McKinsey’s show Out Loud, which airs on WTBU, highlights queer artists, many local to Boston. She typically spends one week’s episode focusing on an artist’s journey and discography, discussing their coming out story and experiences within the music industry. The following week, she interviews someone local to Boston and talks to them about their identity and what the queer community means to them.
She says she’d never thought about taking the show outside of BU or looking for a larger audience, but the class changed that for her.
Professor Wallace “is passionate about our passions, and so she really does motivate us to think bigger and think without limits,” McKinsey says. “She was the one who…asked me first if I wanted to take it to a station and make it something.”

So McKinsey decided to run with that. So for her final project she created an archive of what she’s done with the show, which she can eventually pitch to other radio stations. She says the class helped her realize that she can advocate for herself and promote herself as a professional.
“Learning how to promote your own content is applicable to other areas of your life, and that was kind of what pushed me to take the class,” McKinsey notes. “The foundation of it is just growing a sense of confidence within yourself and what you have to offer—and that could be content, that could be your portfolio, that could be you as an individual.”
Over the time she’s taught Promoting Your Content Online, Wallace says, she’s seen students’ ideas become more ambitious and developed—and she’s kept up with past students who are still using what they learned in her class after graduating.
For Steven Li (CAS’26), the class has offered a chance to set ambitious goals.

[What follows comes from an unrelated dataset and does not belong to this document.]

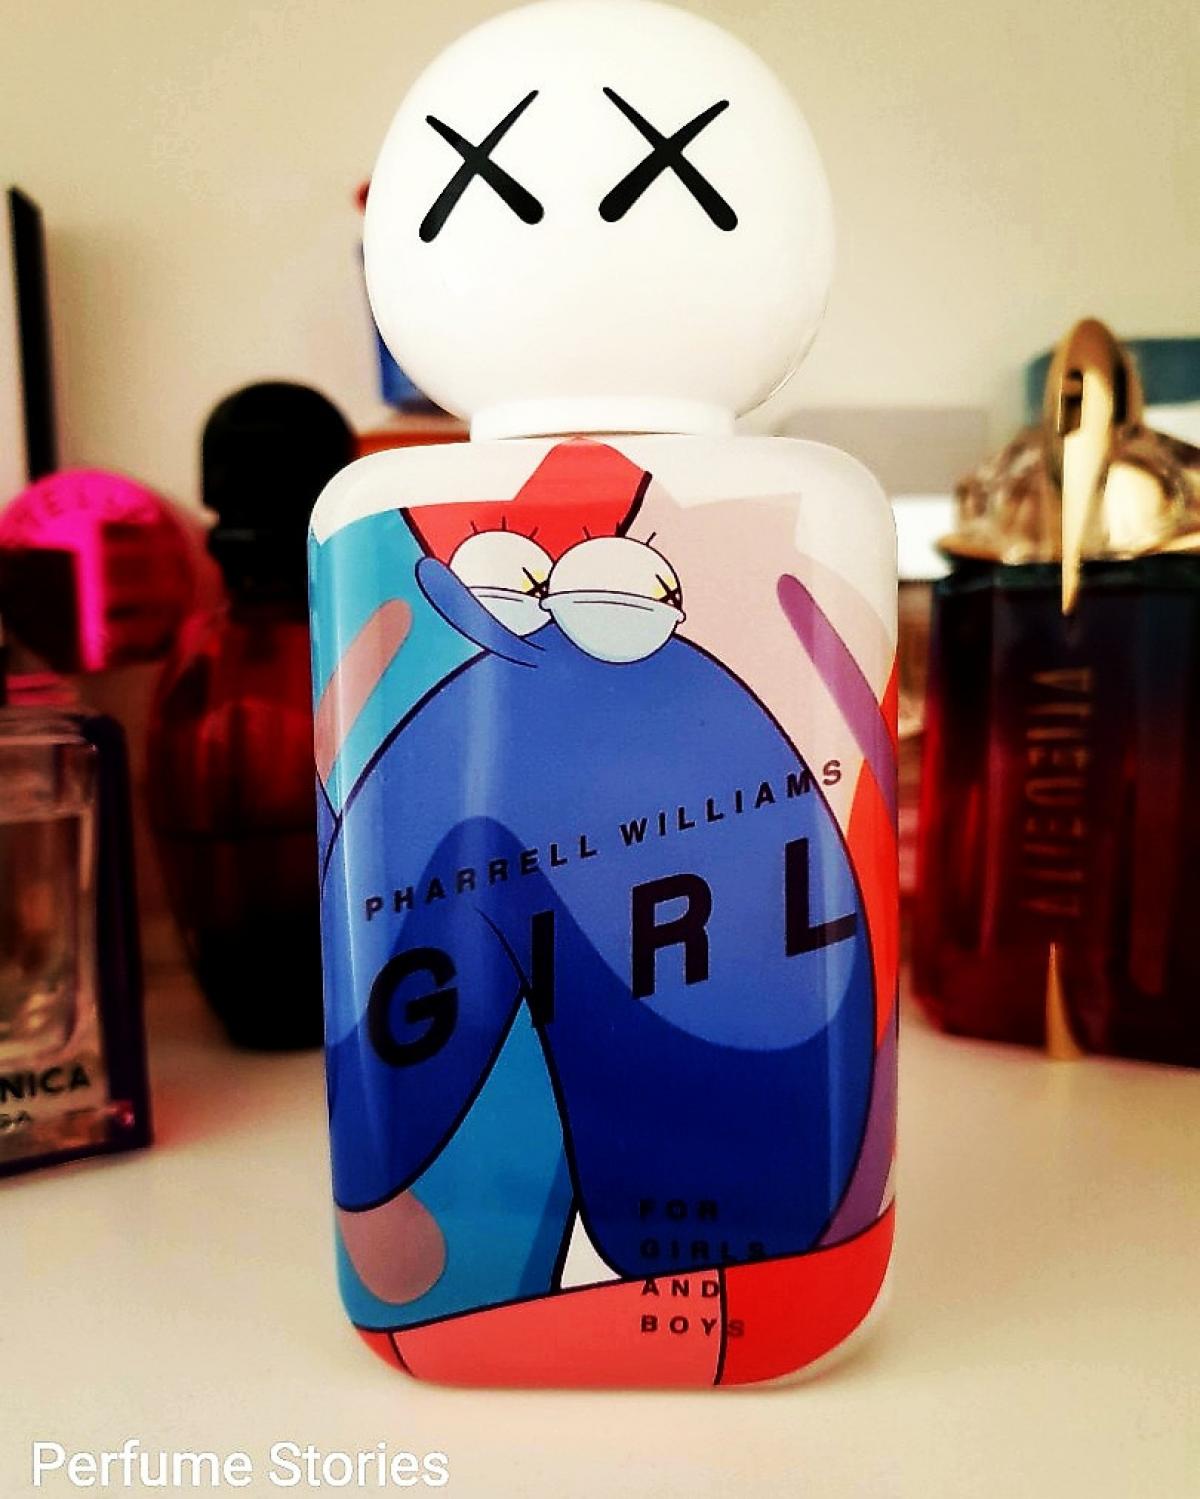 Girl Pharrell Williams perfume - a fragrance for women and men 2014

Li got into specialty coffee when he was looking for a way to distract himself after his dog died. He quickly became fascinated with roasting, cupping, tasting, and packaging coffee beans—but he found that information on how to get involved with those things wasn’t easy to come by.
“What I’m doing right now is sharing this knowledge about specialty coffee, because coffee is quite a mystery to people who don’t understand it,” Li says. “I want to share what I find interesting.”

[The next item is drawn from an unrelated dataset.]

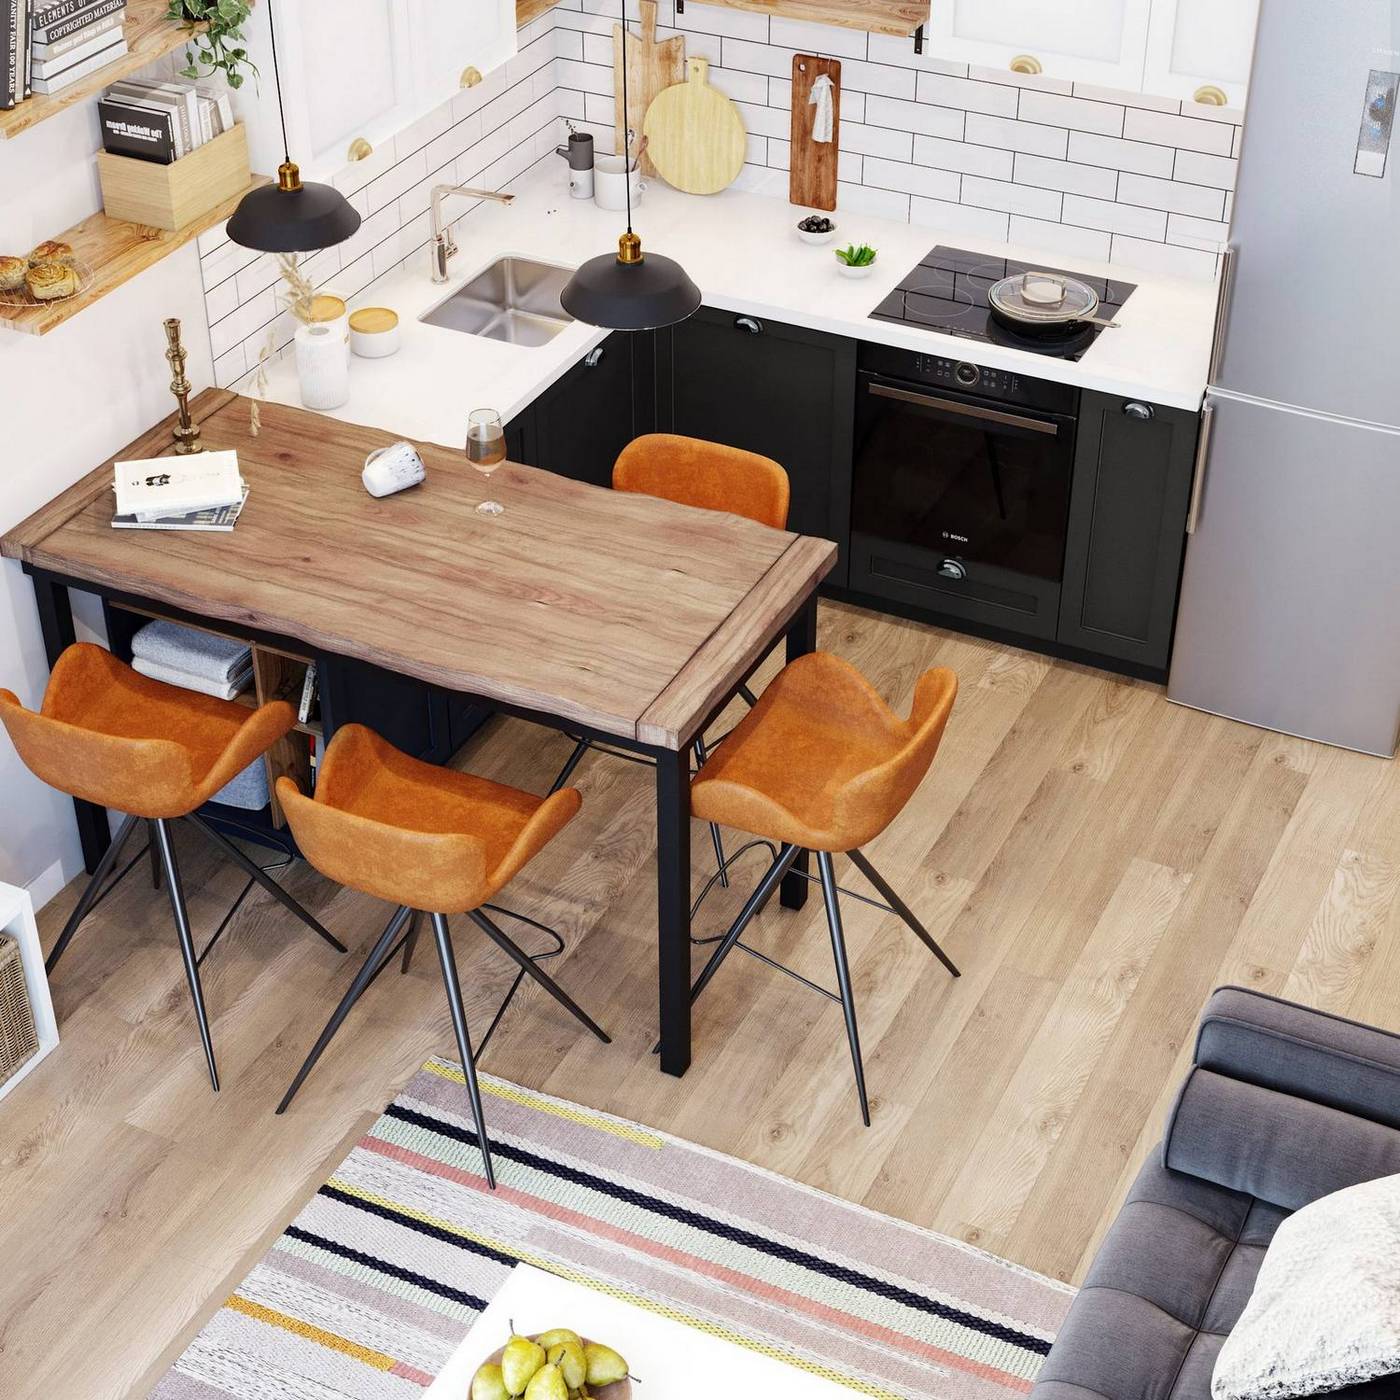 Phòng bếp nhỏ xinh thiết kế kiểu chữ L - giải pháp hoàn hảo cho không gian bếp vừa và nhỏ. Tủ bếp trên và dưới sử dụng màu trắng và xám đen cho cái nhìn tương phản, hiện đại.
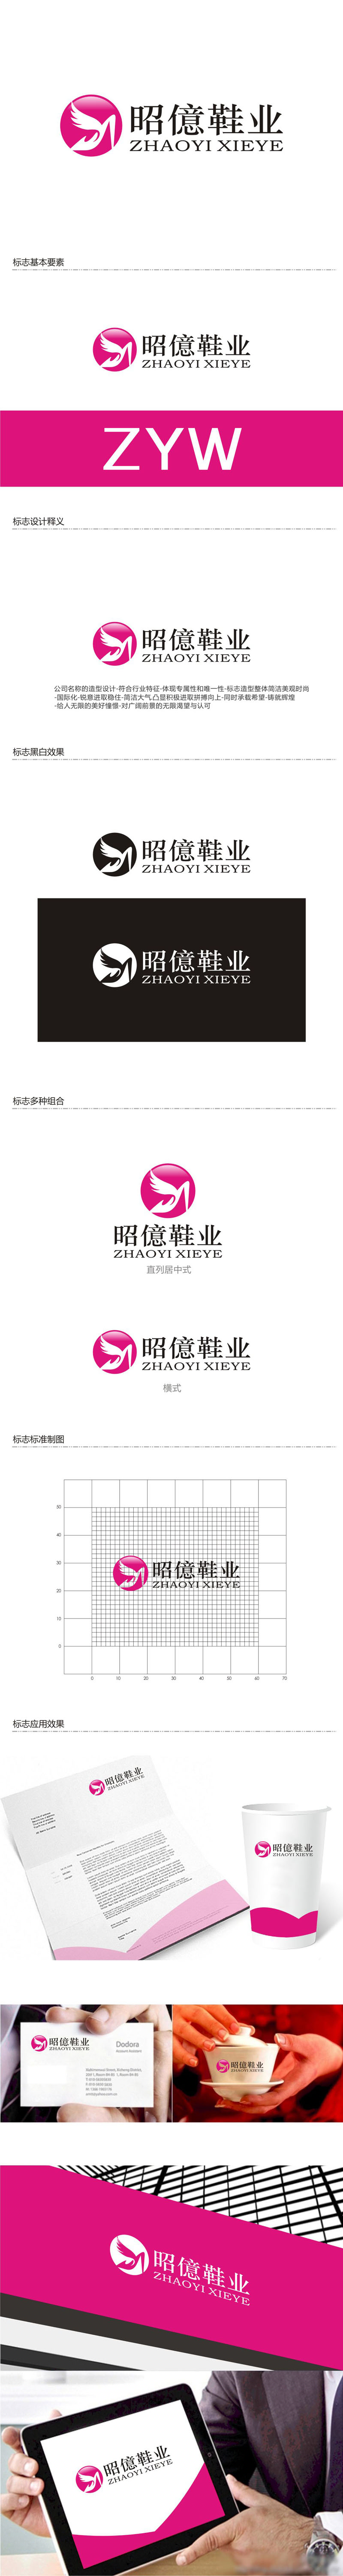 孙永炼的昭億鞋业logo设计

While he has yet to select a name for his business, Li says the class encouraged him to start sharing Instagram stories educating his followers about specialty coffee. Since doing so, he’s seen a big increase in the number of people reading his stories, and he’s planning to make video content explaining his process.
For his final class project, the computer science major created a website. With Wallace’s advice, Li is using artificial intelligence to help him code a website from scratch, and he hopes that by bringing people to his site he’ll be able to hire a team to help him run his business long-term.
For Wallace, it doesn’t matter what ventures her students bring to the class. She’s excited about their passions and helping them see that they can get started on their own.
With her background in game design, she’s always trying to gamify things, she says, another lesson students say they’ve taken away from the class. They made their presentations interactive, with quizzes and tests, which Wallace joined in on, and while students were in small groups for discussion, she’d throw in “wildcards”—new challenges for them to discuss.
At one point in class, screens around the classroom projected a question: “The future of the internet?”
And that’s a big one. But the subtext makes it more pointed—how will you keep your brand current when the internet can do more?
Wallace doesn’t promise to teach her students every single way they can create and promote their content online—that would be next to impossible. What she does instead is teach them how to think about their audiences and their content and encourage their creativity, so as the internet goes on changing, they go on adapting.
“Where there’s a screen, there’s the possibility to reach people through multiple channels. And so that, to me, is just something I want everyone to come away with,” Wallace says. “If you’re a creator and you’re inspired, just put your stuff out there and don’t be afraid…just throw it out there and connect with your audience, connect with people.”